Do you have any hacks or shortcuts that you’d like to share, for example do you repurpose any items?
Creating a colour mixing chart is really helpful and encourages you to mix colours rather than just use the stock pigment. You can get some amazing colour variations when you manually mix your pigments.
Your work often depicts buildings and urban architecture, what’s your favourite type of building to draw and where do you get your inspiration from?
My favourite architecture will always be East London’s Victorian and Georgian period town houses. I grew up in East London, so I have a personal connection to the area. Working in London (pre-pandemic) I was surrounded by interesting, old architecture, full of character and charm, holding its own against the modern glass and steel structures in close proximity. Traditional brickwork is one of my passions.
You incorporate a lot of foliage and botanical elements in your drawings as well. How does this process differ from the more urban elements?
Well, the challenge I really enjoy is capturing what I see, and I love the mixture of the urban and natural elements living side-by-side, even sometimes interacting with each other. When I choose a composition, I always look for key things. Interesting window reflections, exposed brickwork, and that mixture of both the urban and the natural.

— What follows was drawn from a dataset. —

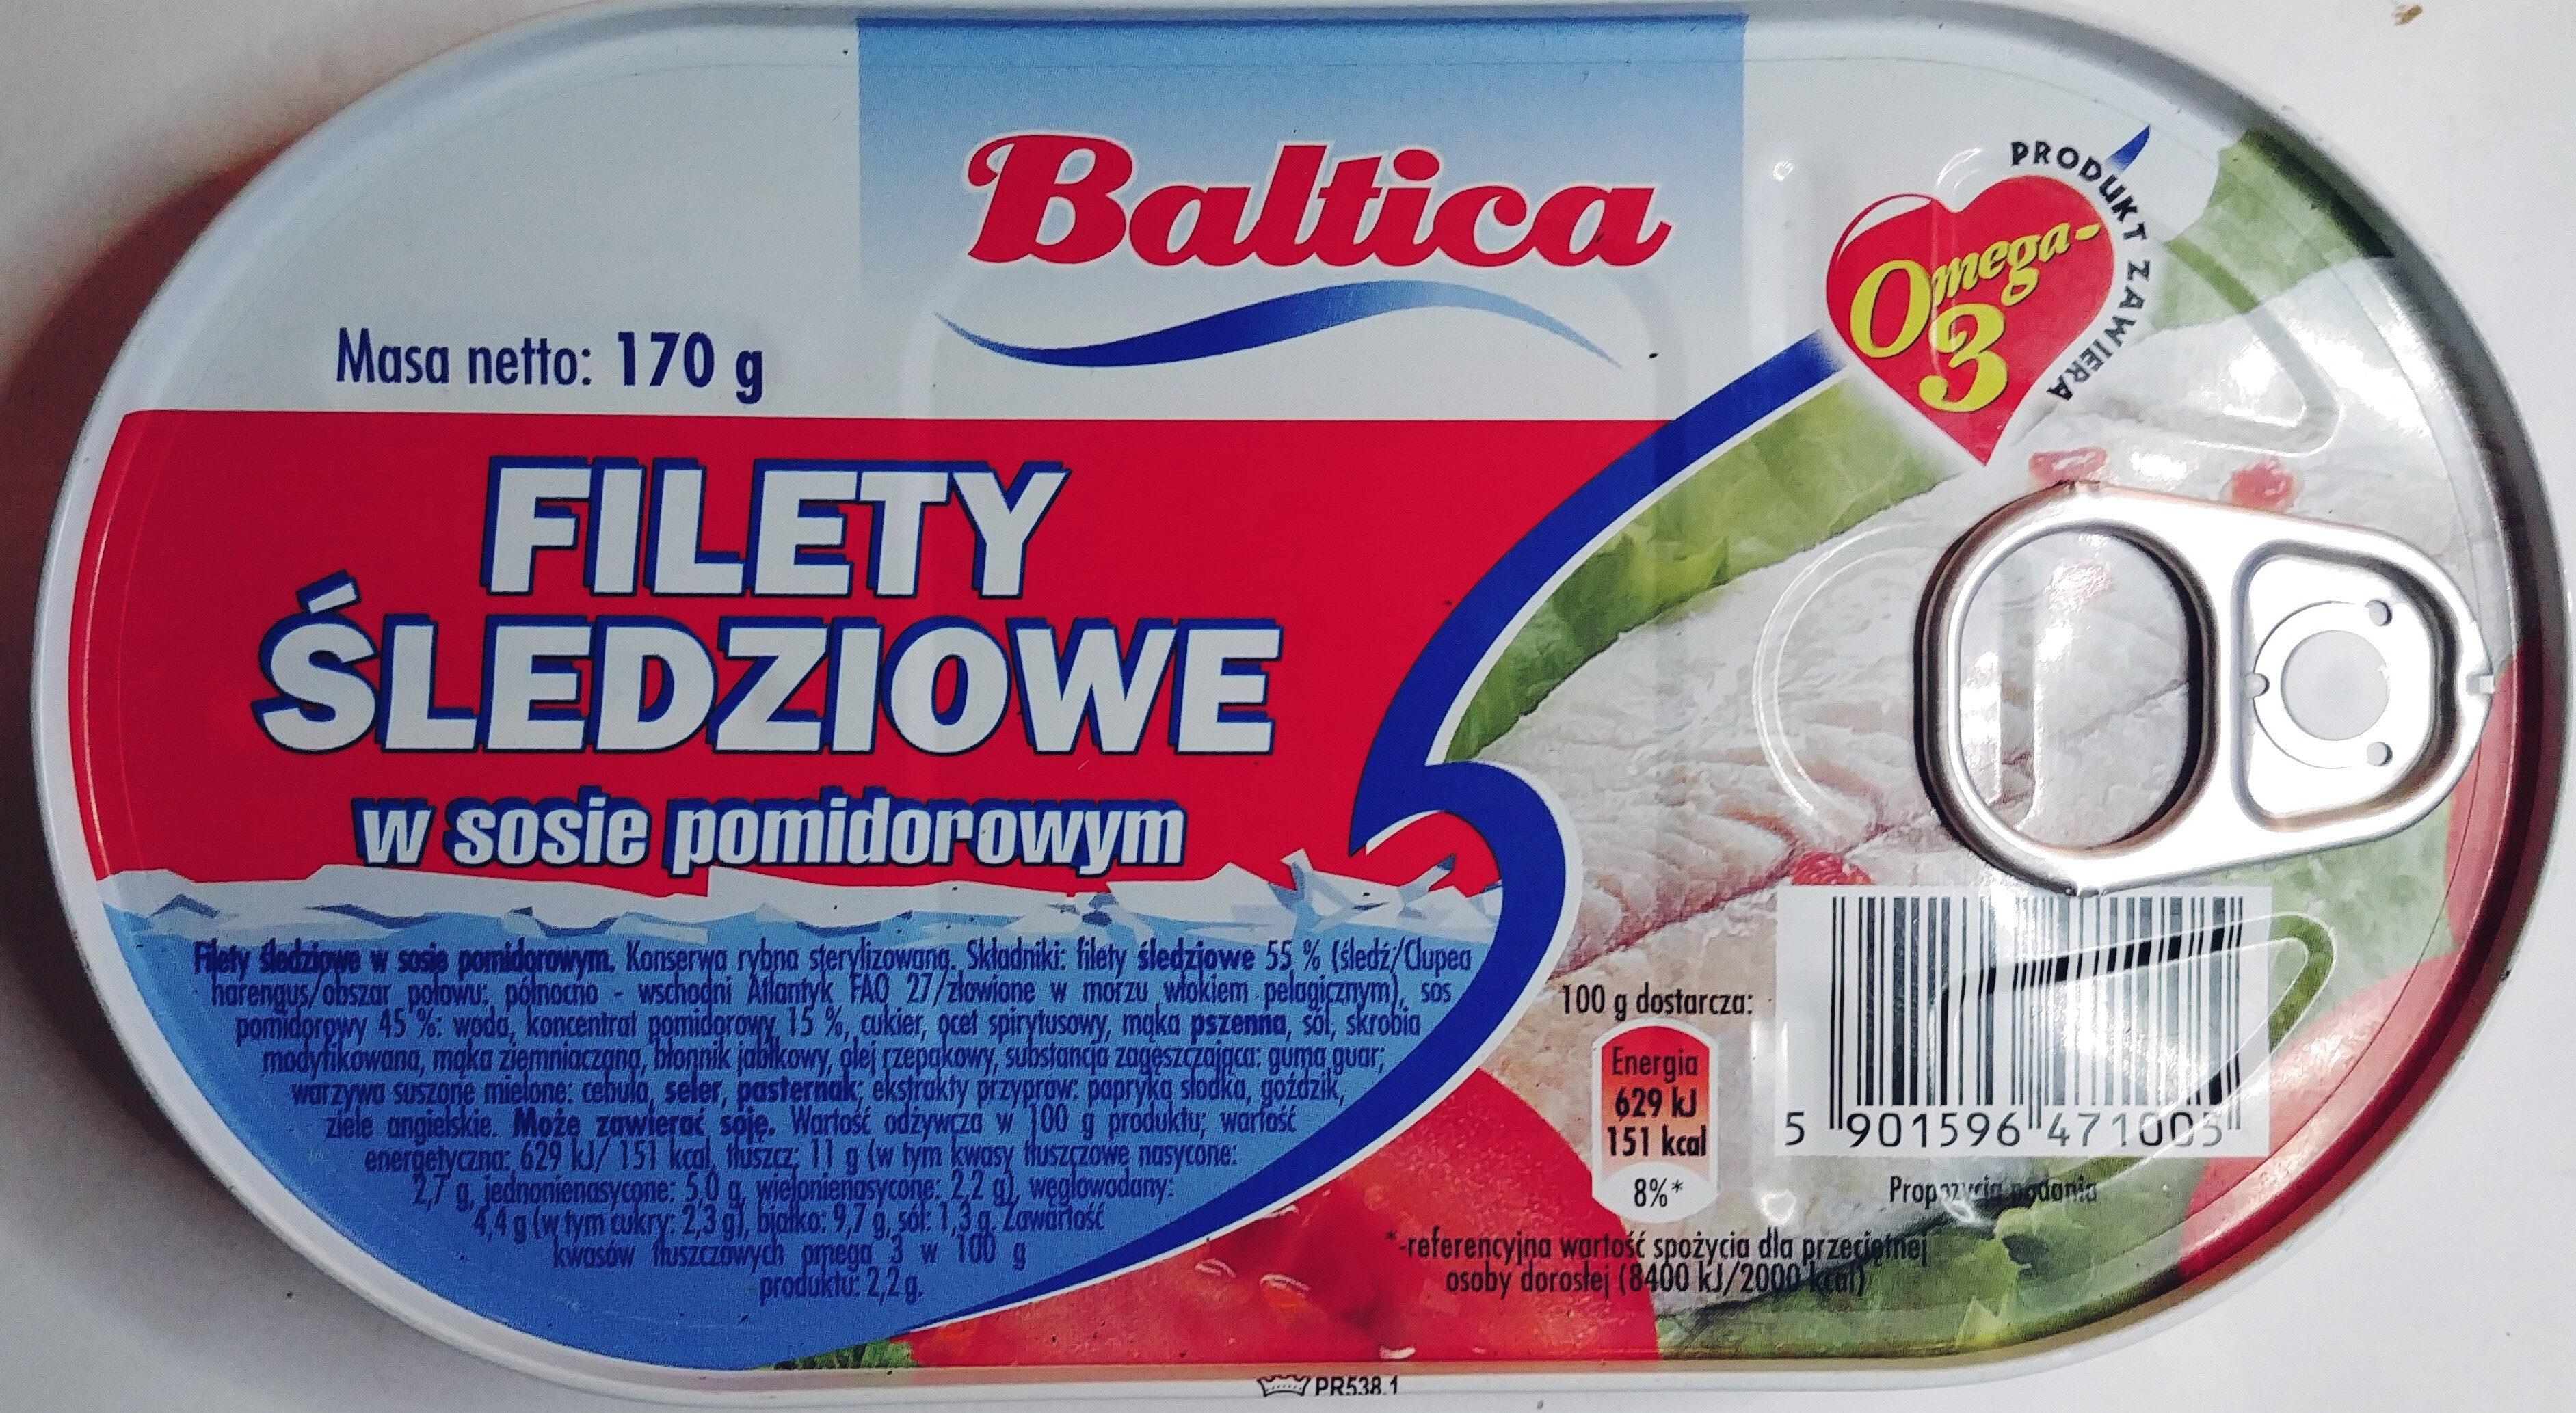 Filety śledziowe w sosie pomidorowym - Product - pl

You seem to draw a lot of inspiration from cities, especially London. Do you tend to make work when travelling?
No, I may see something inspiring and take a quick photo, but my work processes are solely studio-based. I need to be able to concentrate and take my time.

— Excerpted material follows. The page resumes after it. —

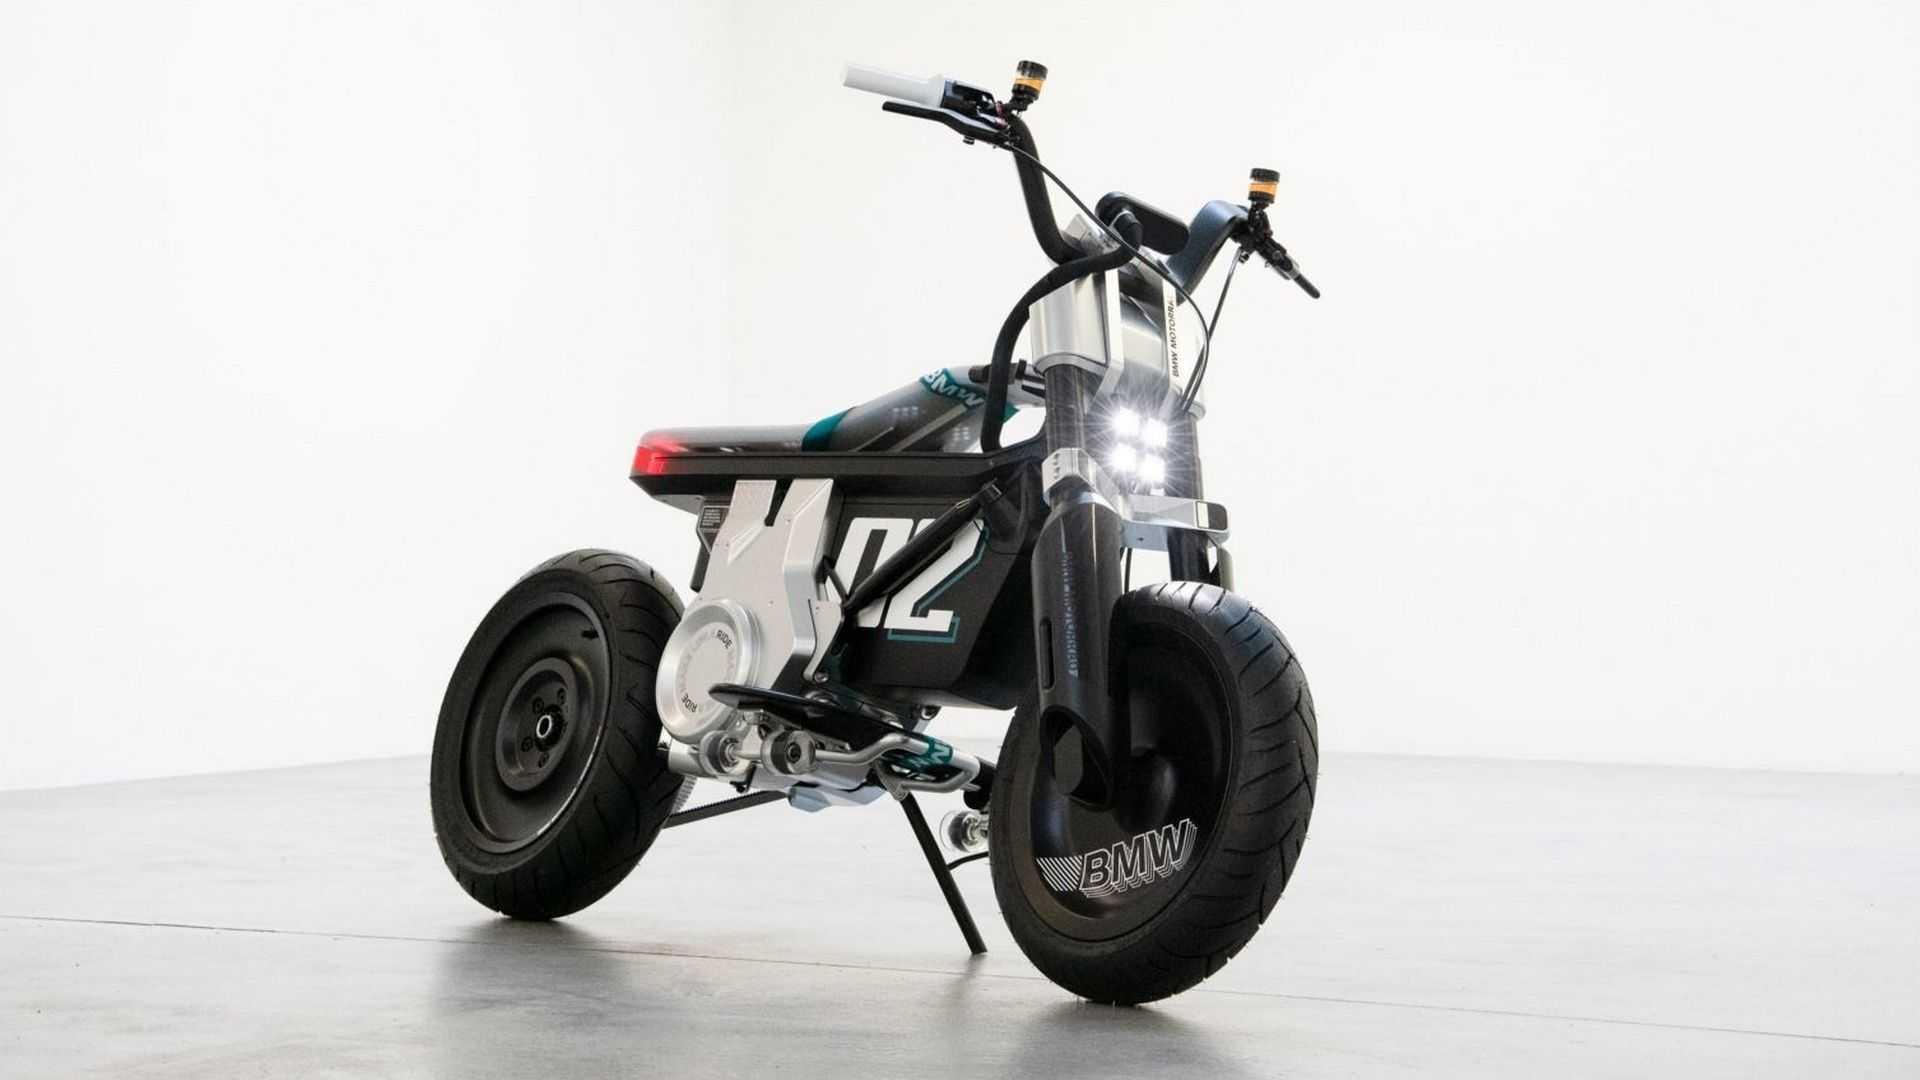 BMW - moto elétrica - CNH - autonomia

What’s the best thing about being an illustrator today? And the most challenging thing?
The best thing is being able to create something outside of the digital space, with traditional tools. Without social media, I probably wouldn’t have had the encouragement to pursue this particular creative outlet and opened doors professionally.

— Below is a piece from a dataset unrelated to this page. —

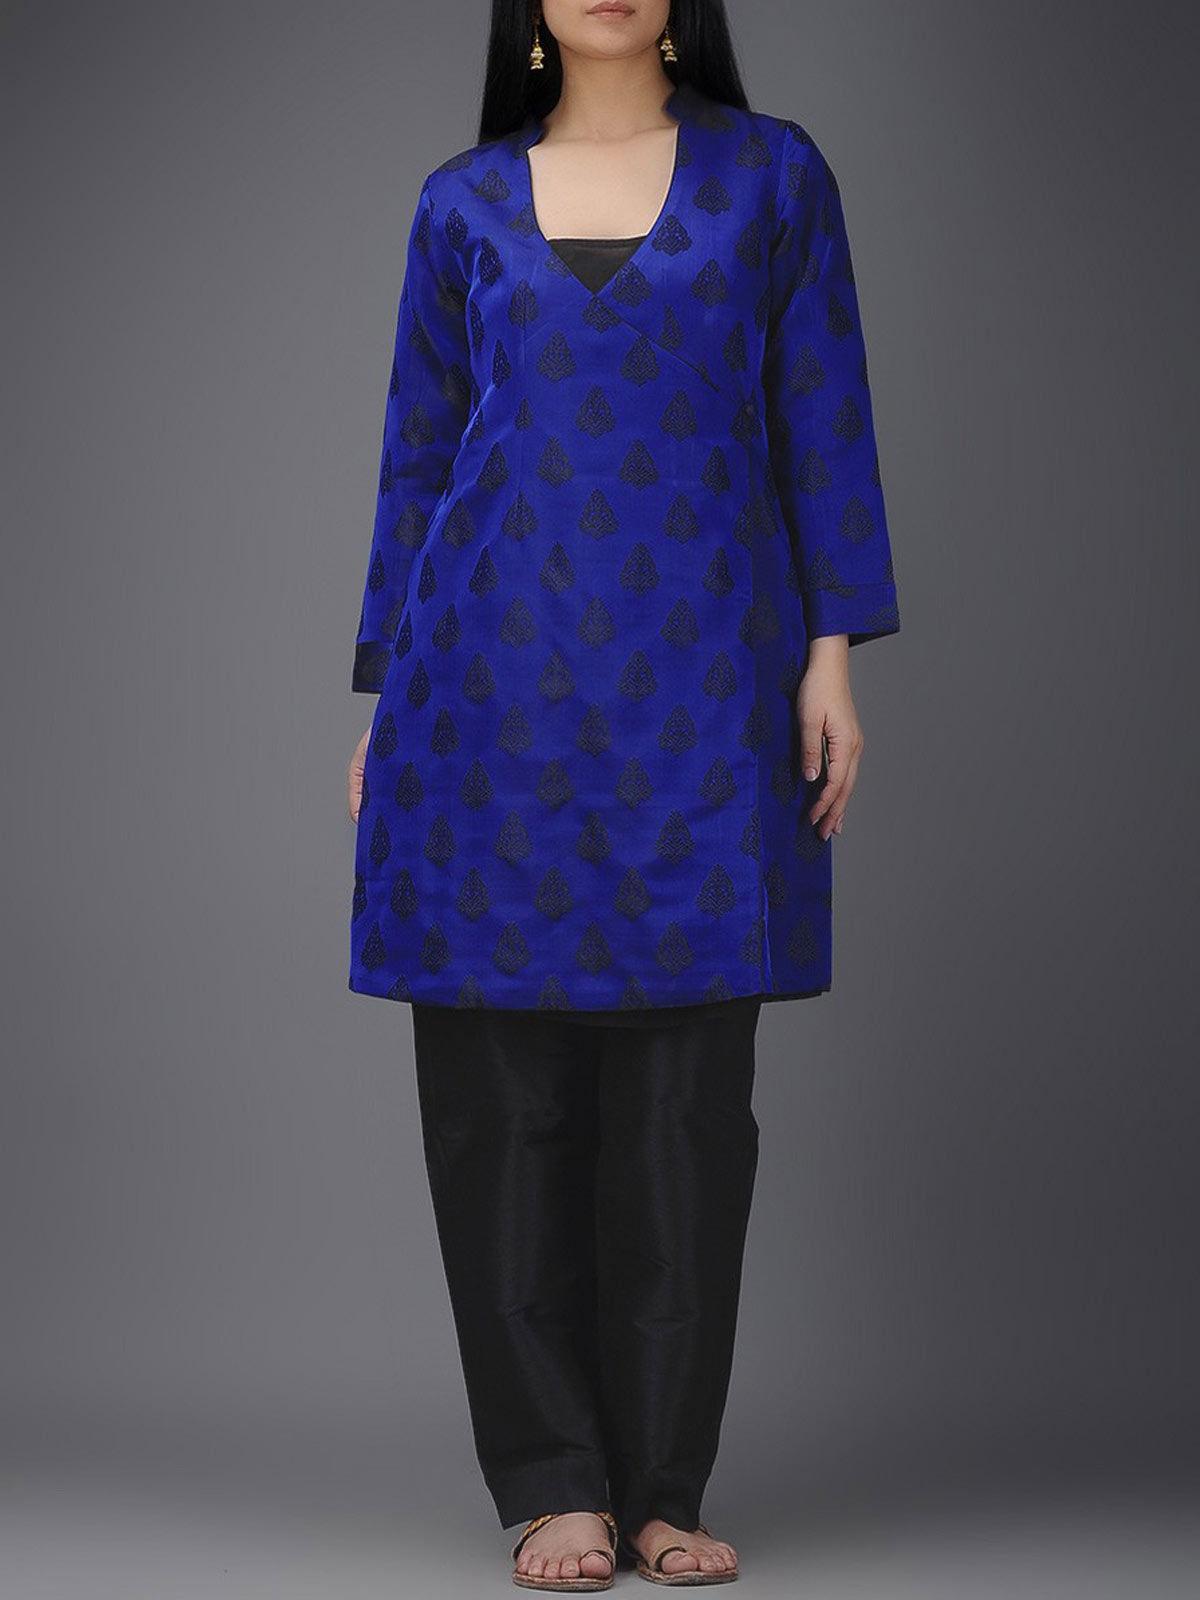 Ink blue silk tanchoi angarakha kurta

Do you have one piece of advice for illustrators who are just starting out and considering a freelance career?
You could be an amazing artist, but if no one knows you or your work exists, you will never succeed to connect with the people who might one day pay you for your work. For me, the key to success has been a combination of people liking my artistic style, people trusting me as a brand, and the global reach of my work through social media. Without those 3 things, someone in the British Virgin Islands would never have found me, liked my work, and trusted me with a commission.
Are there any artists or illustrators that you are particularly inspired by?
I’ve always been inspired by legendary British artist David Hockney, in particular, his huge photo montages. I’m also inspired by the line drawings of @shoreditchsketcher, the linework and colours of @martynhay3s, the accuracy of Vasundhara and the style of Liam O’Farrell.